Ban on subsurface Injection of drilling wastes. The N.C. Senate has previously proposed to amend an existing state law prohibiting underground injection of waste to allow subsurface disposal of oil and gas drilling waste. The earlier proposals ran into strong opposition from members of the Mining and Energy Commission as well as the public. In Section 14, Senate Bill 786 abandons the effort to authorize subsurface disposal of drilling waste and instead reinforces the existing prohibition on underground injection of waste found in G.S. 143-214.2.
Compliance review for oil and gas permit applicants. Section 14 also creates an environmental compliance review for oil and gas permit applicants. The compliance review will cover at least the previous five years. For business entities, the compliance review will extend to any parent company, subsidiary, or other affiliated entity; a partner, officer, director, member or managing director; and any other person with a direct or indirect interest in the company (other than a minority shareholder in a publicly traded corporation). The bill allows DENR to deny an oil and gas permit based on a past history of significant or repeated violation of statutes, rules, orders or permit conditions.

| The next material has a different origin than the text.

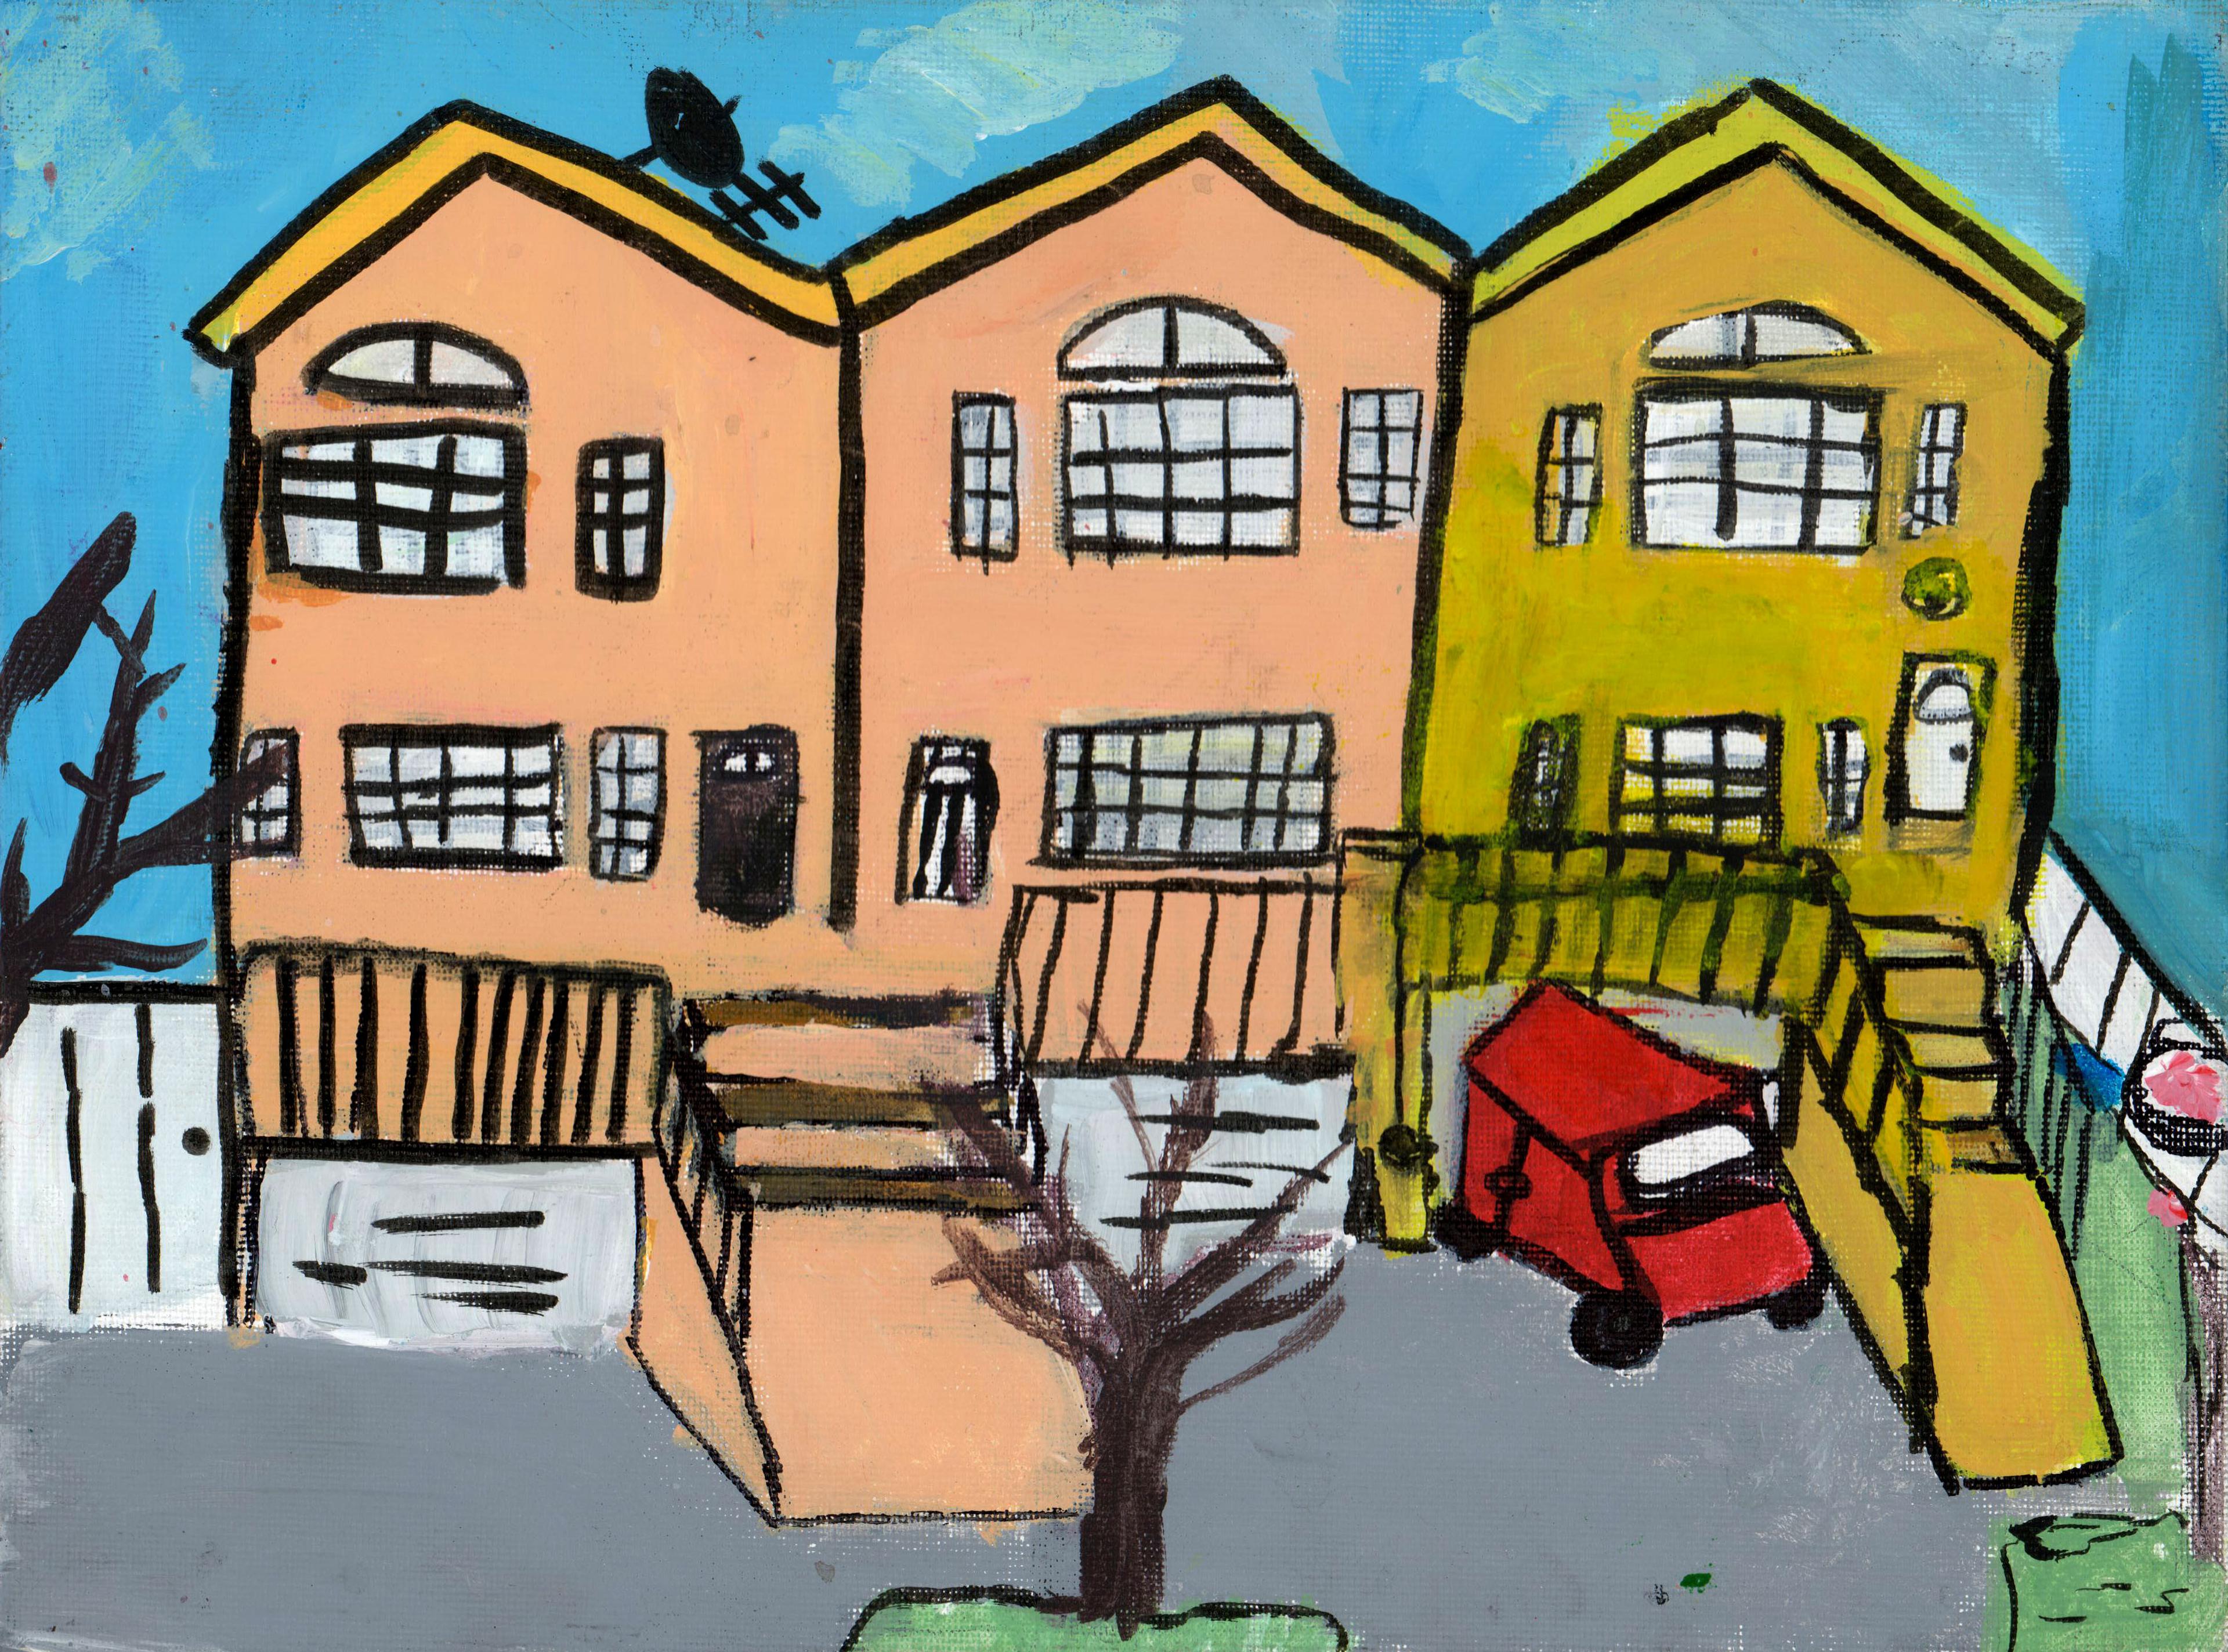 Acrylic painting of three two-story row houses side by side on a residential block. The two houses to the left are peach colored, and the third house to the right is dark yellow. A red car is parked in front of the garage below the yellow house. A black satellite dish and antenna are painted on the roof of the house at far left. A brown leafless tree on a green patch of land appears at bottom center in front of the three houses. All the houses are outlined in bold black strokes.

Trespass. The bill protects workers collecting seismic or other geophysical data from trespass claims as long as they do not physically enter private land without consent. Seismic surveys use sound waves to characterize subsurface geology and identify potential oil and gas reserves. The survey team generates sound waves on one side of the target area (by setting off small explosive charges or using trucks specially outfitted to create vibrations); geophones record the waves on the other side of the target. The intent of the bill is to prevent trespass claims based on movement of the seismic waves under surface properties the workers do not physically enter. The company conducting the seismic testing would still be liable for any physical or property damage caused to the surface property.
Severance Tax. Section 16 of the bill creates a new severance tax for oil and gas. Others with expertise in severance taxes and oil/gas industry revenues will have to provide the in-depth analysis. One quick observation: The bill appears to prohibit cities and counties from imposing any taxes on the oil and gas industry other than property taxes.
Miscellaneous. In a provision unrelated to oil and gas, the bill caps city and county property tax revenue at an 8% increase over revenue received the previous year.
The bill requires a number of new studies, including a feasibility study for a liquified natural gas export terminal on the N.C. coast.